(i) Express \(\frac{2}{(x+1)(x+3)}\) as \(\frac{A}{x+1} + \frac{B}{x+3}\).
Multiply through by \((x+1)(x+3)\) to get: \(2 = A(x+3) + B(x+1)\).
Set \(x = -1\): \(2 = A(-1+3) \Rightarrow A = 1\).
Set \(x = -3\): \(2 = B(-3+1) \Rightarrow B = -1\).

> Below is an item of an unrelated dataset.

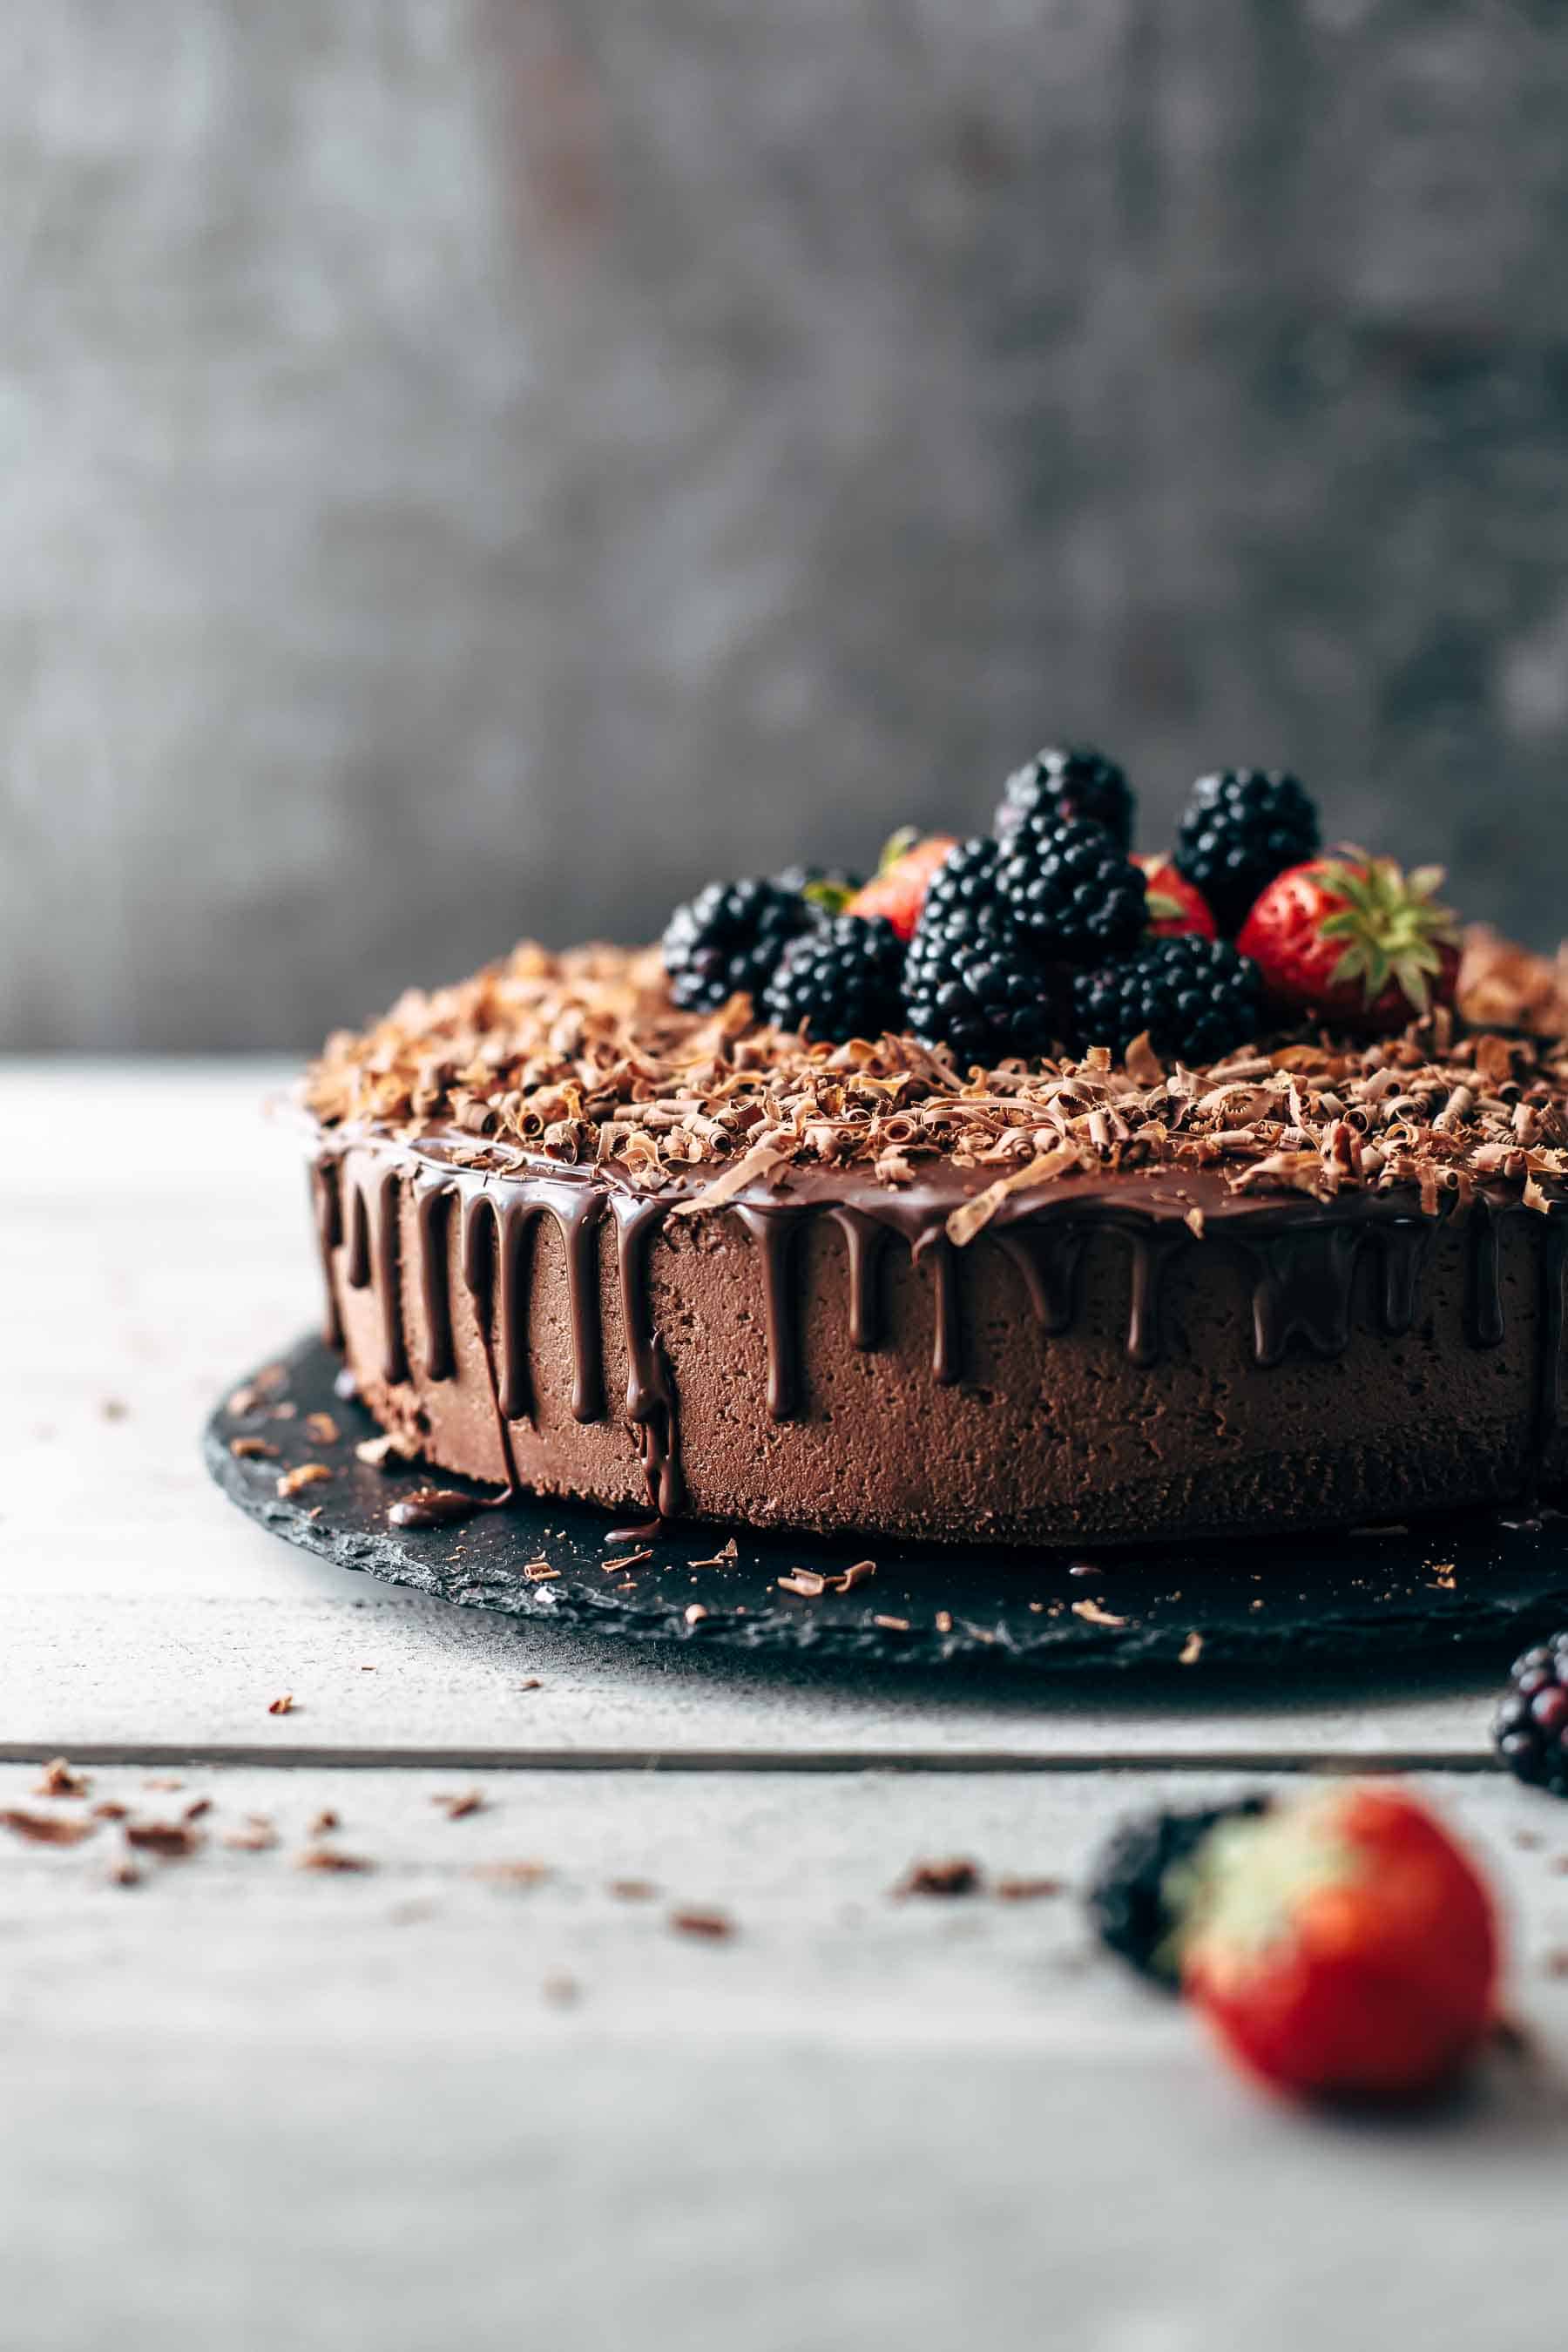 chocolate cake with ganache dripping down the sides, topped with berries and chocolate shavings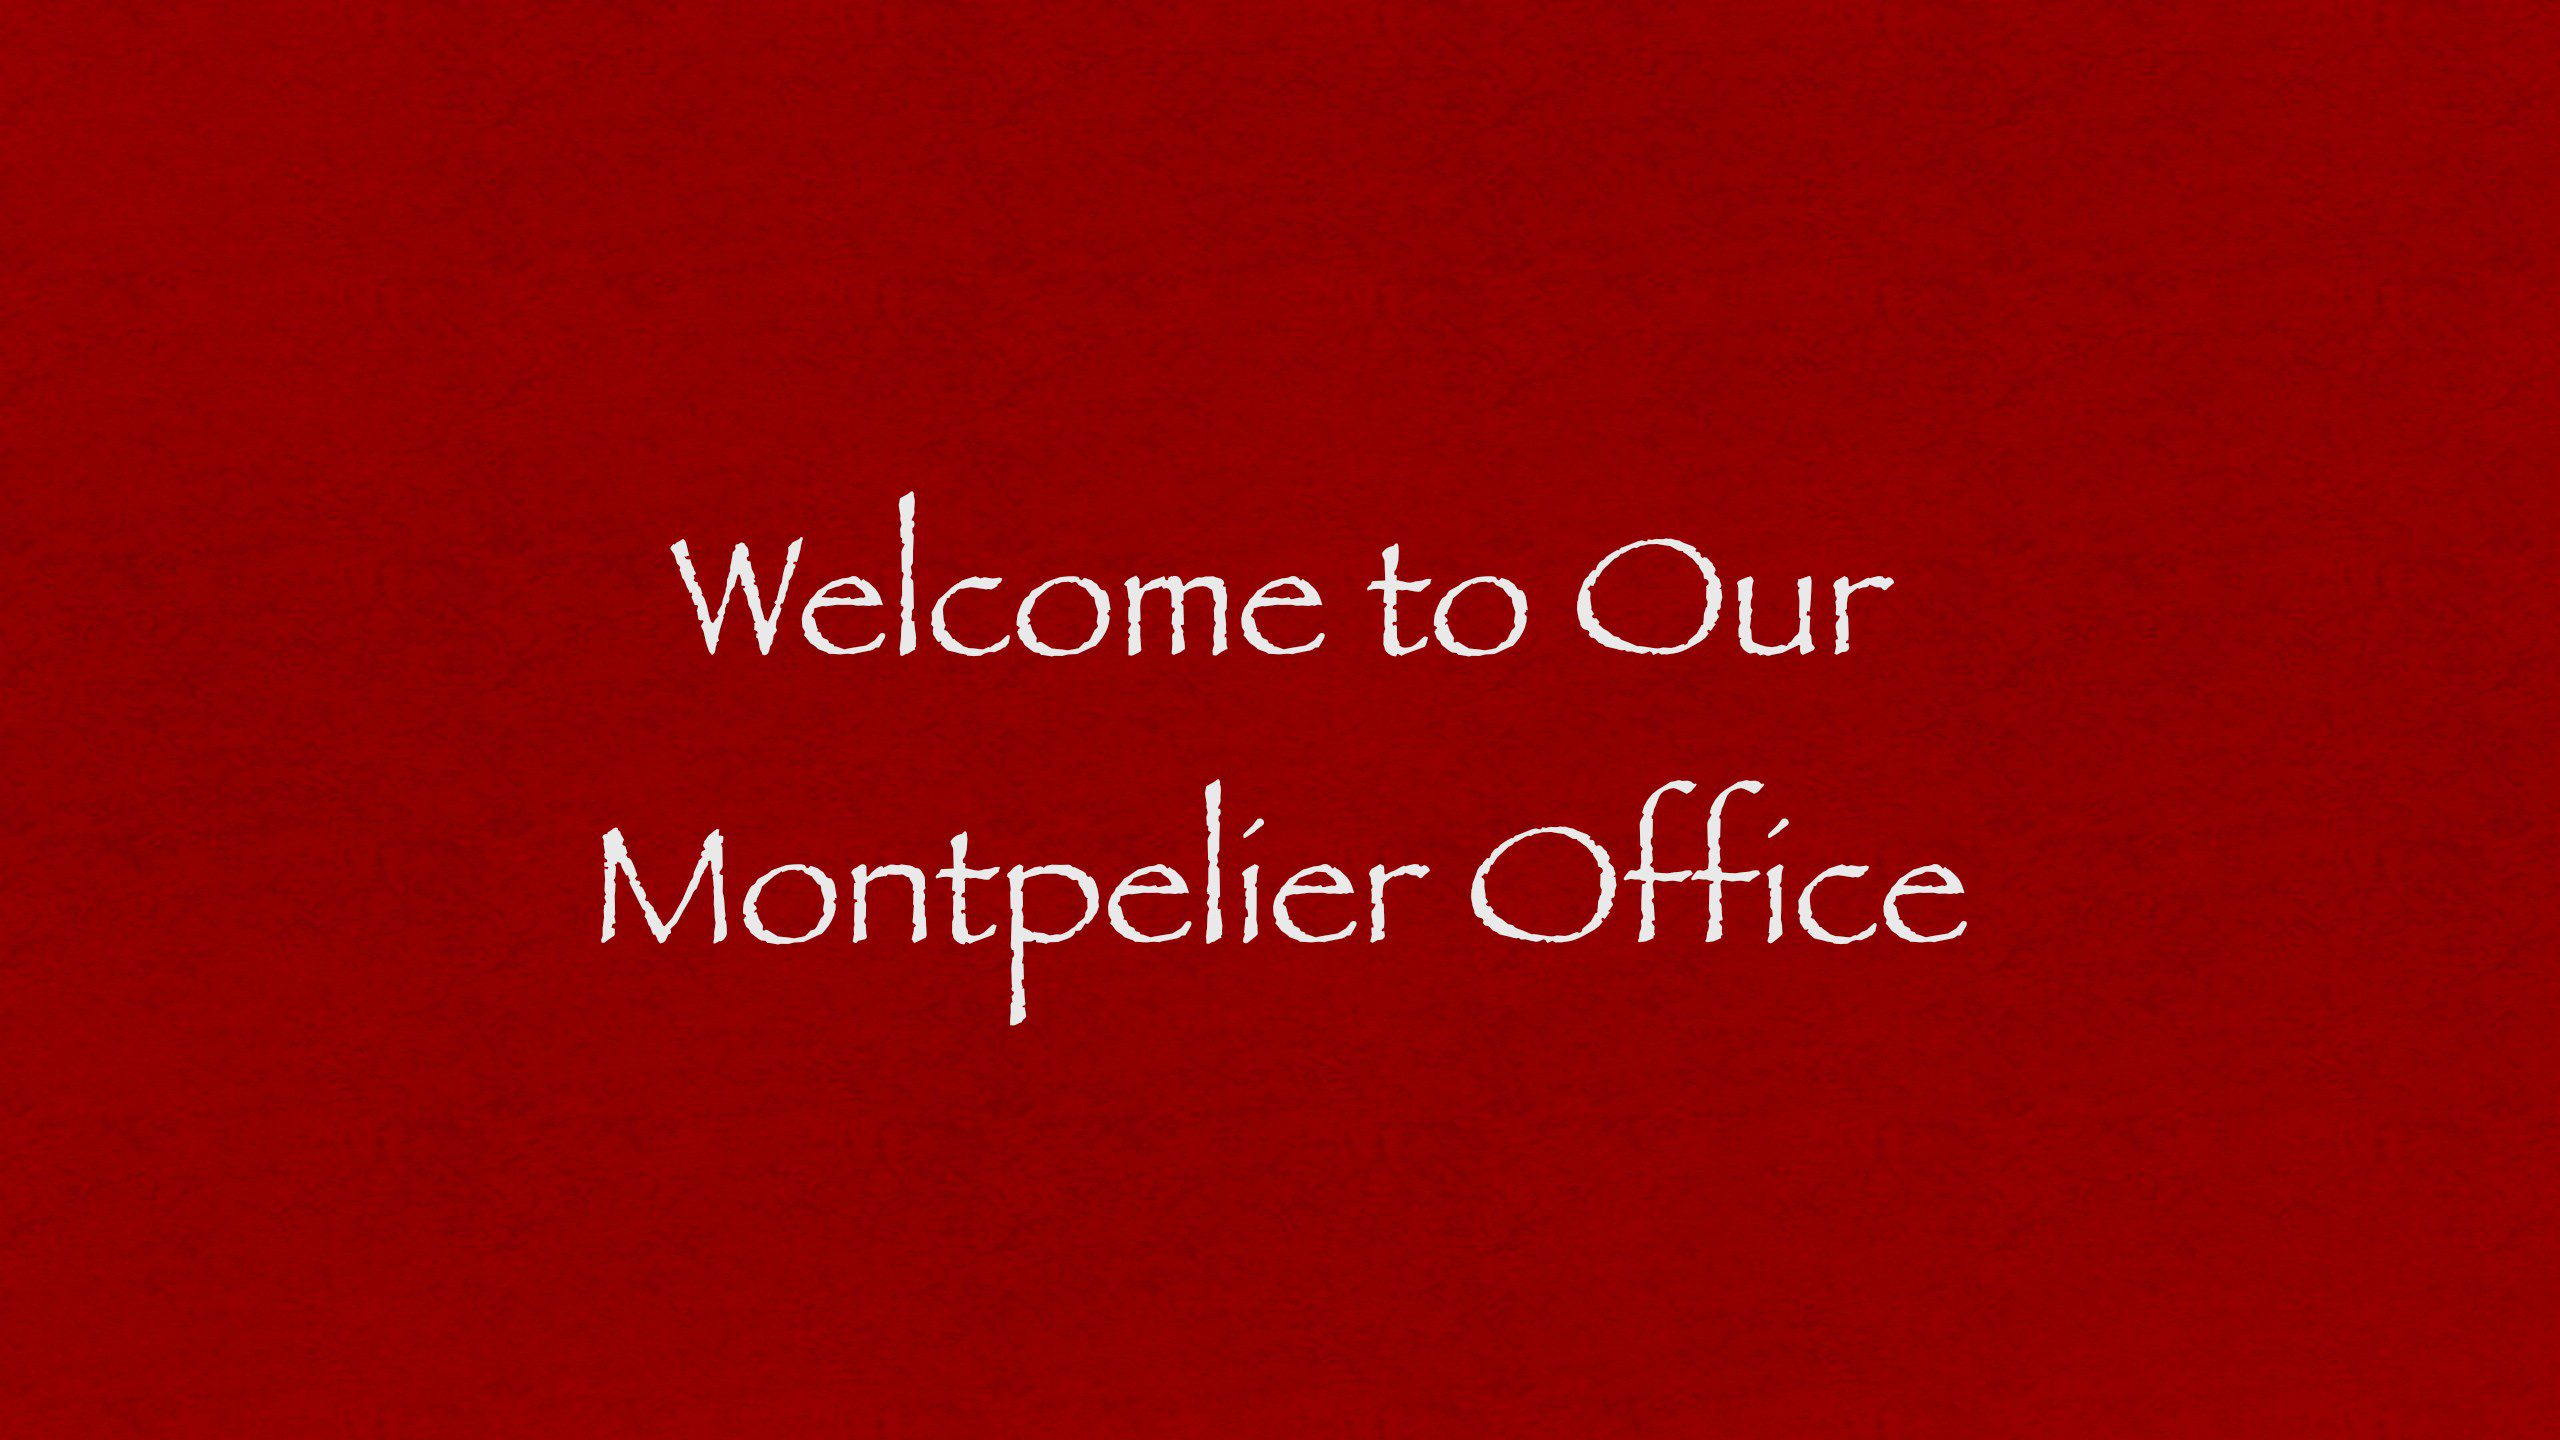 Welcome To Our Montpelier Office

Thus, \(\frac{2}{(x+1)(x+3)} = \frac{1}{x+1} - \frac{1}{x+3}\).
(ii) Square the result from part (i):
\(\left( \frac{1}{x+1} - \frac{1}{x+3} \right)^2 = \frac{1}{(x+1)^2} - \frac{2}{(x+1)(x+3)} + \frac{1}{(x+3)^2}\).
Substitute \(\frac{2}{(x+1)(x+3)} = \frac{1}{x+1} - \frac{1}{x+3}\) to get:
\(\frac{1}{(x+1)^2} - \frac{1}{x+1} + \frac{1}{x+3} + \frac{1}{(x+3)^2}\).
(iii) Integrate \(\int_0^1 \frac{4}{(x+1)^2(x+3)^2} \, dx\).
Using the result from part (ii):
\(\int_0^1 \left( \frac{1}{(x+1)^2} - \frac{1}{x+1} + \frac{1}{x+3} + \frac{1}{(x+3)^2} \right) \, dx\).
Integrate each term:
\(\int \frac{1}{(x+1)^2} \, dx = -\frac{1}{x+1}\), \(\int \frac{1}{x+1} \, dx = \ln(x+1)\), \(\int \frac{1}{x+3} \, dx = \ln(x+3)\), \(\int \frac{1}{(x+3)^2} \, dx = -\frac{1}{x+3}\).
Evaluate from 0 to 1:
\(-\frac{1}{2} - \ln 2 + \ln 4 - \frac{1}{4} = \frac{7}{12} - \ln \frac{3}{2}\).